Methods for evaluating SCH via gel-based methods used the following buffer conditions to emulate the FP assay: 50 mM sodium-HEPES, 10 mM MgCl2, 1 mg ml−1 BSA, 10% DMSO, 0.01% Tween-20. Sfp and hPPTase were used at top final concentrations of 50 nM, and top final concentration of SCH-202676 at 100 μM. PPTase samples were prepared in 1.43 × reaction buffer with or without 1 mM DTT, and 14 μl of PPTase mixture was added to 2 μl SCH in DMSO or a DMSO blank. Samples were incubated for 10 min at room temperature, followed by addition of 4 μl substrate mix (25 μM rhodamine-CoA and 50 μM CP) to initiate the reaction. PPTases were also evaluated following desalting to removal residual DTT from protein purification by desalting into respective lysis buffers without DTT/DNAse/RNase/lysozyme using a PD-10 desalting column (GE Healthcare BioSciences). Reactions were incubated for 30 min at room temperature, then prepared immediately for electrophoresis with Urea-PAGE (20% polyacrylamide) by the addition of 5 μl of 5 × loading dye and loading 12.5 μl of the mixture and running the gel for 2 h at 160 V. Gels were imaged directly after electrophoresis without fixing for all BSA-containing VibB (Supplementary Figure 12) and ActACP (Supplementary Figure 13), and after fixing for reactions without BSA containing both VibB and ActACP (Supplementary Figure 14).

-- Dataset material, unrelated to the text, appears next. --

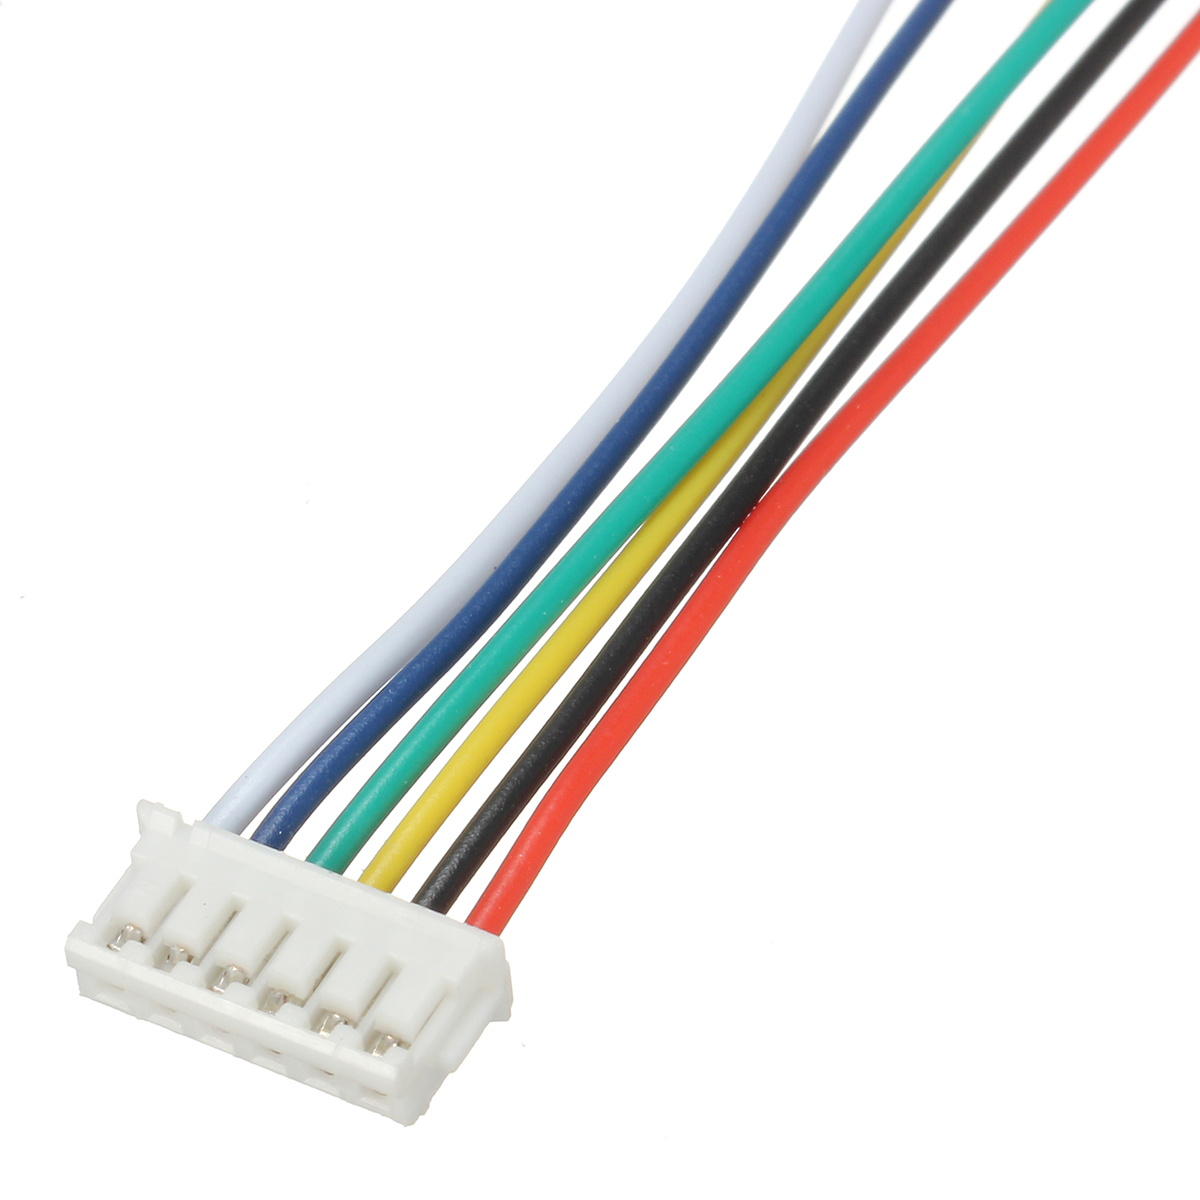 Excellwayreg-Mini-Micro-JST-15mm-ZH-6-Pin-Connector-Plug-and-Wires-Cables-15cm-10-Set-1170230-4

Possible thiol-reactivity was also evaluated for SCH-202676 by HPLC coupled with ESI-MS analysis. SCH-202676 was prepared at a volume of 20 μl at 200 μM in DMSO discretely, as well as with either 200 μM L-cys or 200 μM DTT. Samples were diluted with milliQ water to give the desired compound concentrations, as well as a final DMSO concentration of 30%. Samples were incubated at room temperature for 3 h, subjected to HPLC/ESI-MS analysis (Supplementary Figure 15), and compared with DTT and L-cys controls (Supplementary Figure 16).